The Internet can be used in many ways these days. Both positively and negatively, but comparatively it has many positives shades. People can become more active physically, lose a little weight, eat better, and reduce the usage of alcohol and tobacco when they are guided by the mobile services or internet programs.
The research ‘224 studies,’ conducted on the healthy adults, were published between 1990-2013. It has evaluated the effects of using mobile phones, Internet, personal sensors or stand-alone computer software tools.
The participants who were involved in the Internet interventions has improved their diets, lost body weight/fat, became more active, reduced the excessive usage of alcohol and tobacco.
American Heat Association stated, “Use of Mobile Devices, Social Media, and Crowdsourcing as Digital Strategies to Improve Emergency Cardiovascular Care.”
According to 23 years of research of Open Access Journal of the American Heart Association, “People are more likely to adopt heart healthy behaviors when guided and encouraged via the Internet, their cell phones or other devices.”
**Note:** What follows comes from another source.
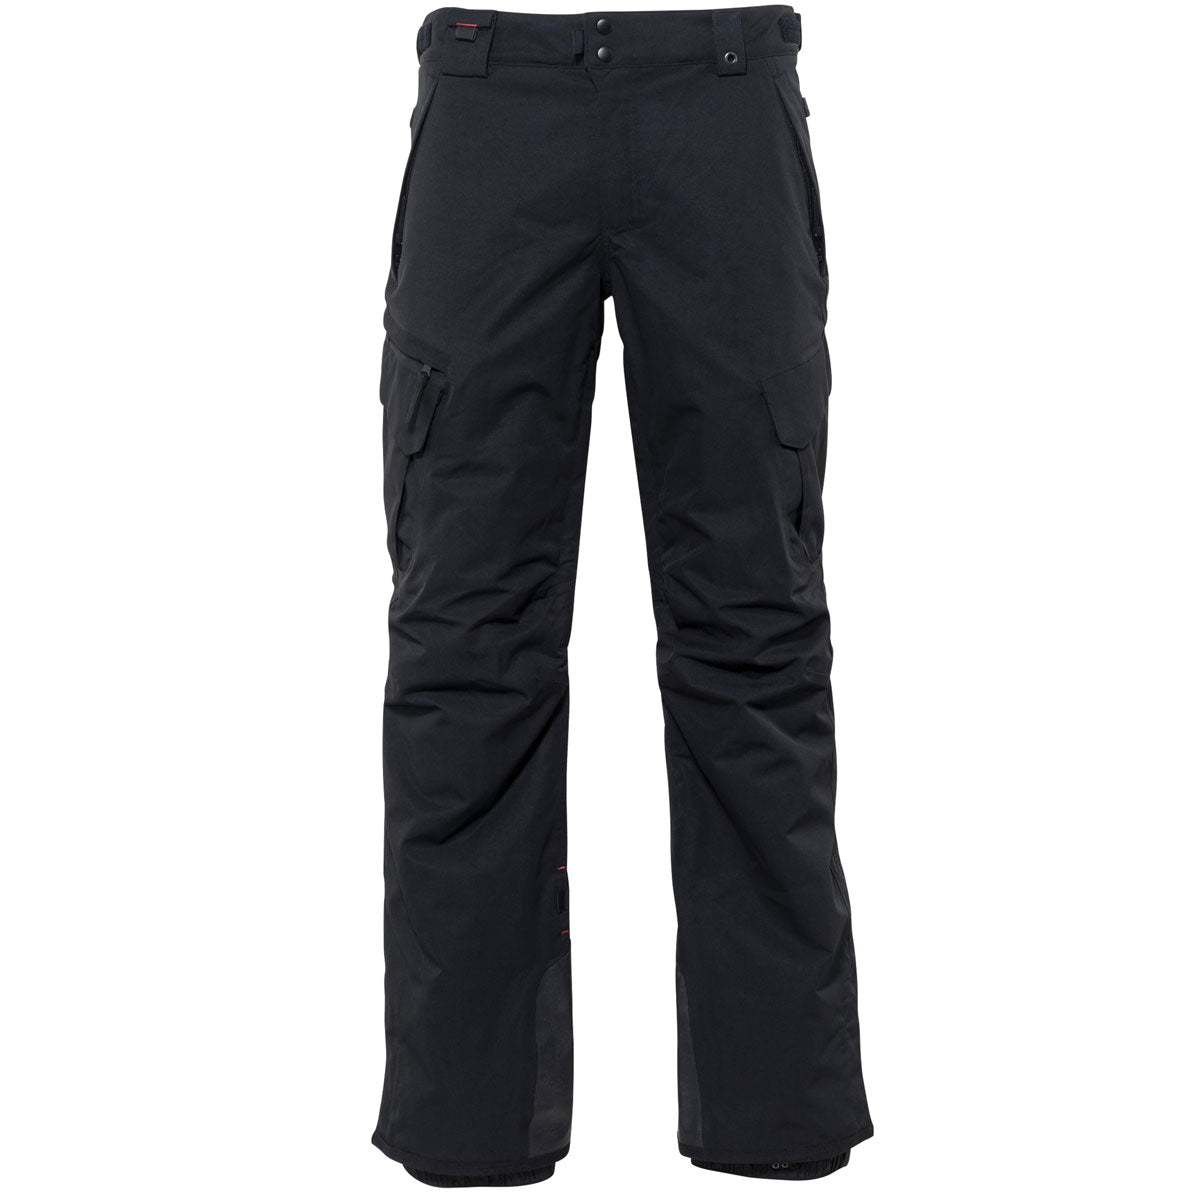 686 Men's SMARTY 3-in-1 Cargo Snowboard Pants - Black image 1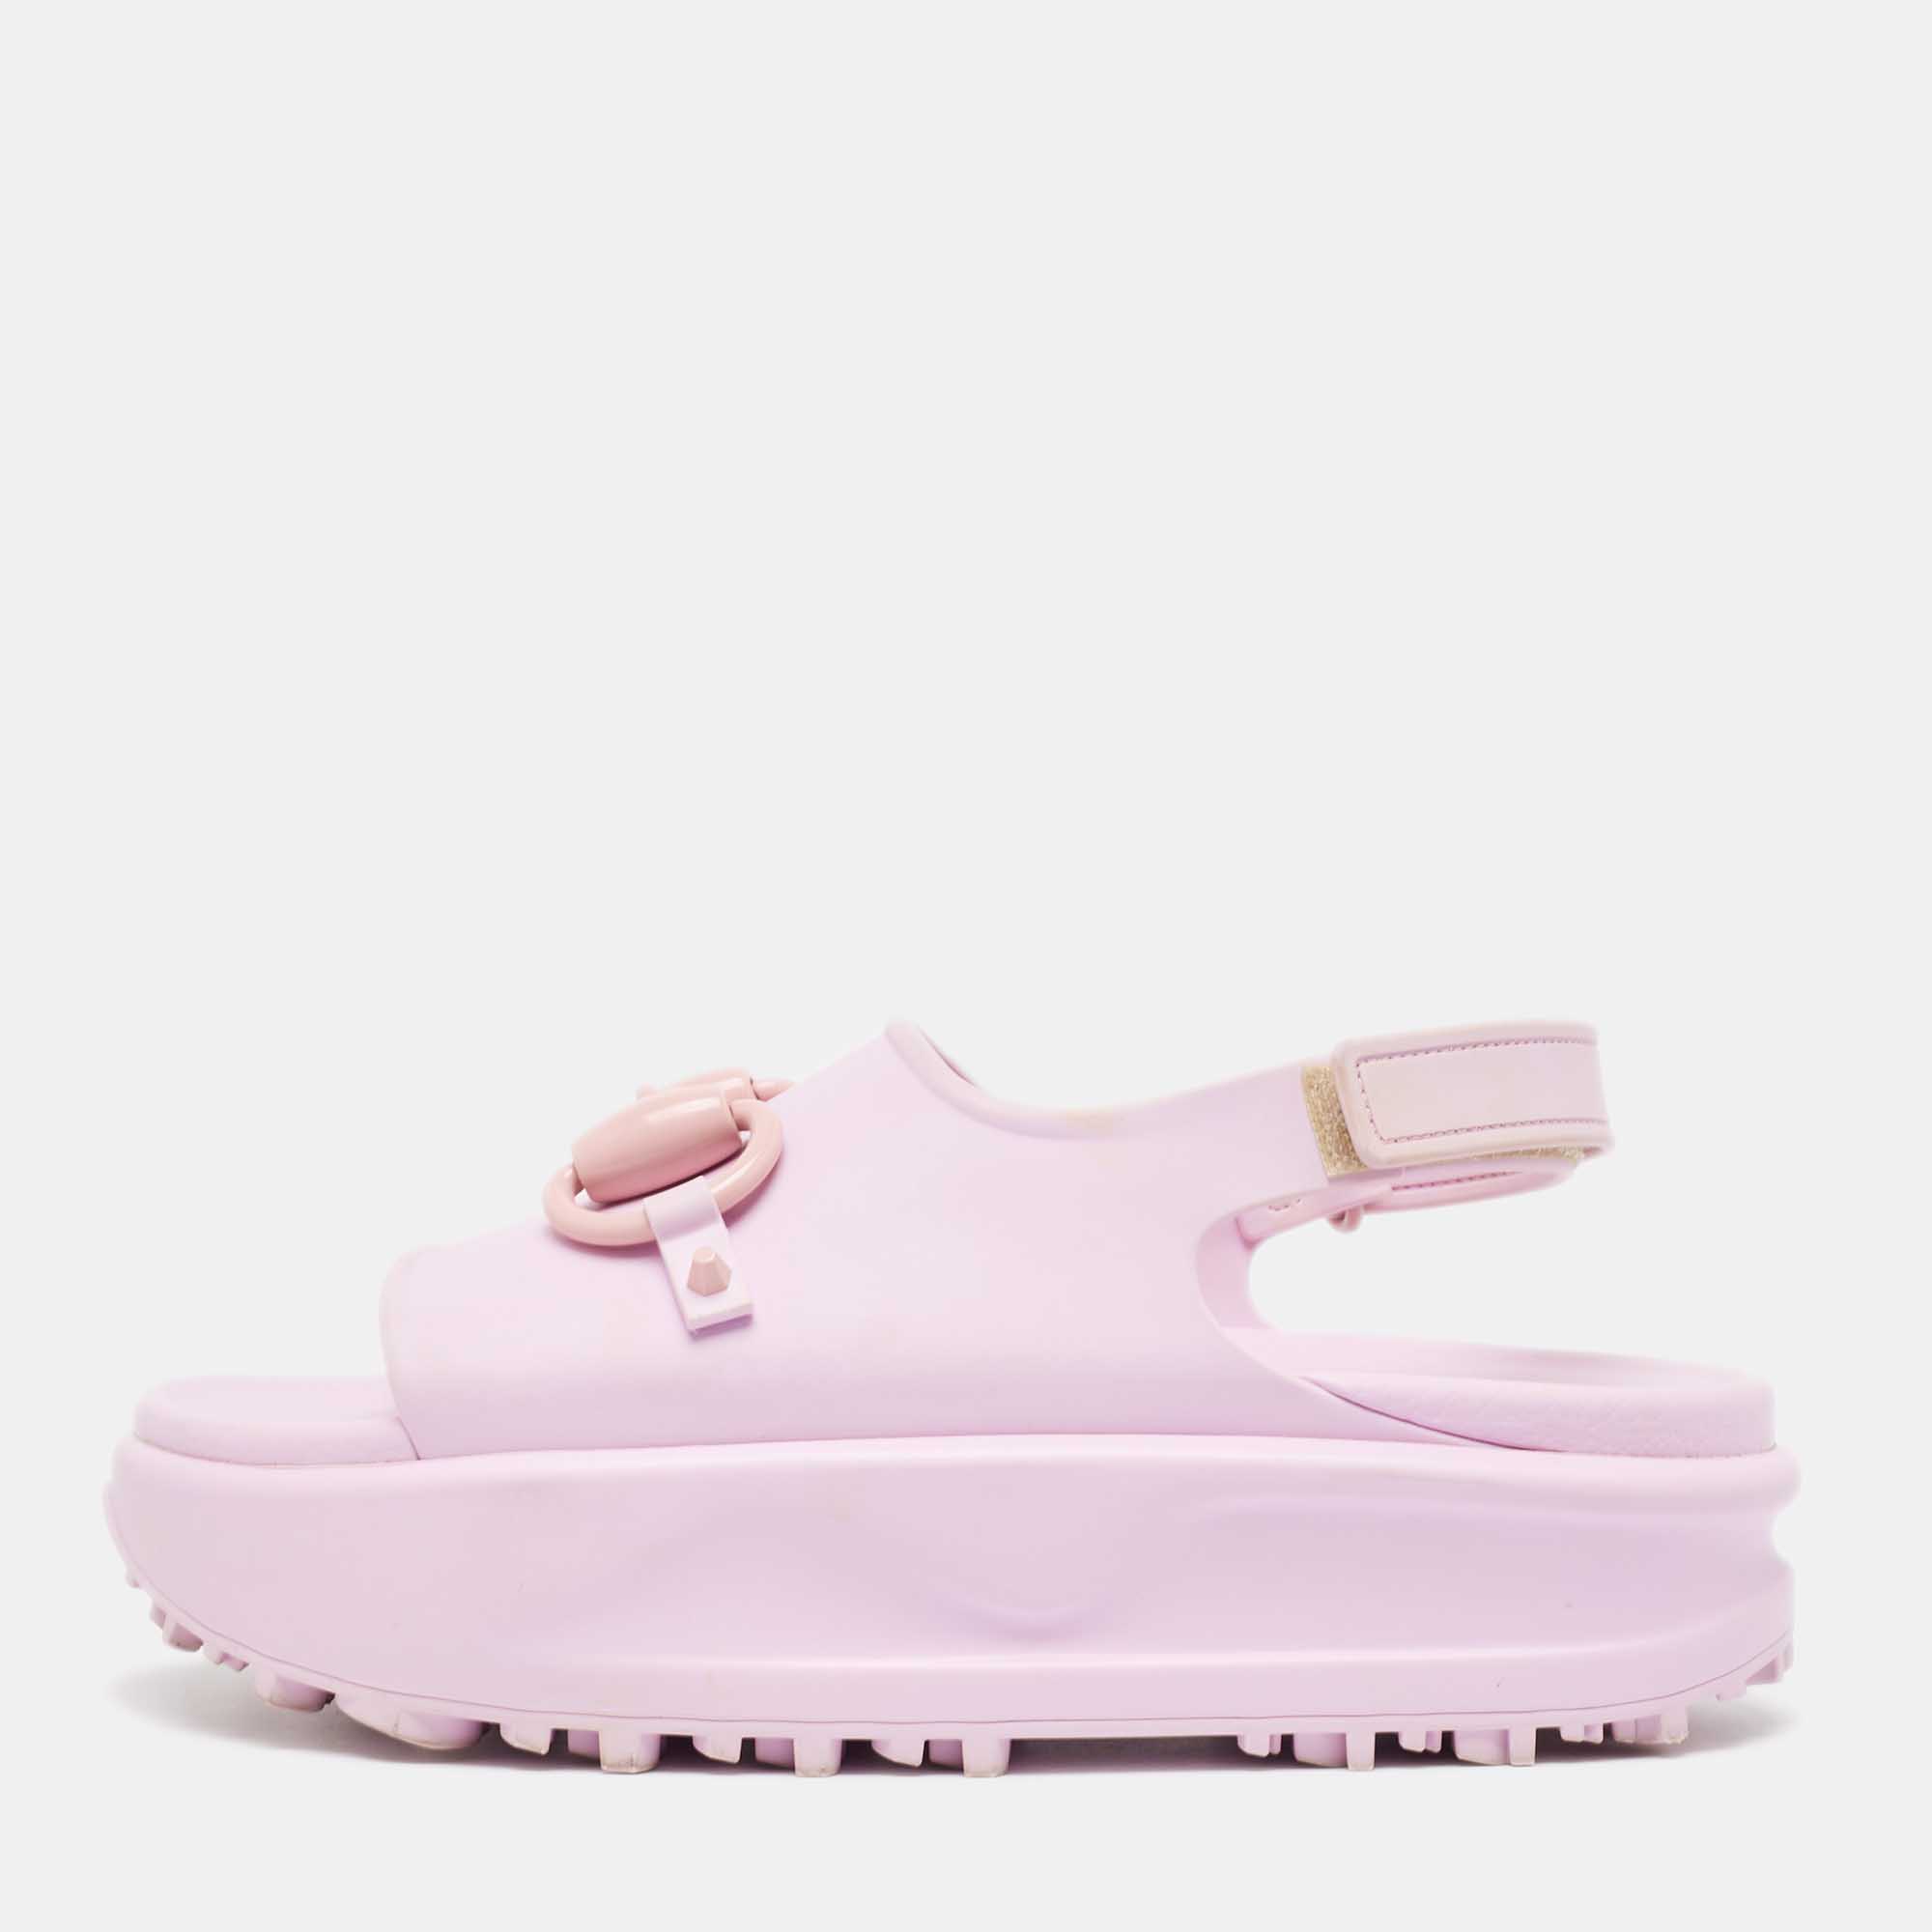 Gucci purple rubber slingback sandals size 38

Ashkan Afshin, M.D., M.P.H., Sc.D., the assistant professor and lead study author said, “Both Internet-based and mobile-based programs can help people become more physically active, eat better and achieve modest weight loss over 3-12 months.”
Afshin also mentioned “Programs that have components such as goal-setting and self-monitoring and use multiple modes of communication with tailored messages tended to be more effective. We also found these programs were more effective if they included some interactions with healthcare providers.
Clinicians, in particular in primary care settings, can use such programs to help people improve their lifestyle behaviors and reduce the risk of chronic disease, such as cardiovascular disease and diabetes.”
“Our study highlights several important gaps in current evidence on Internet-and mobile-based interventions. We need to evaluate their long-term value, effectiveness in different populations (such as the elderly and people from developing countries) and how different strategies may increase adherence to the programs,” said Afshin.
Most of the studies lasted less than six months, proving the little information as the available research is limited.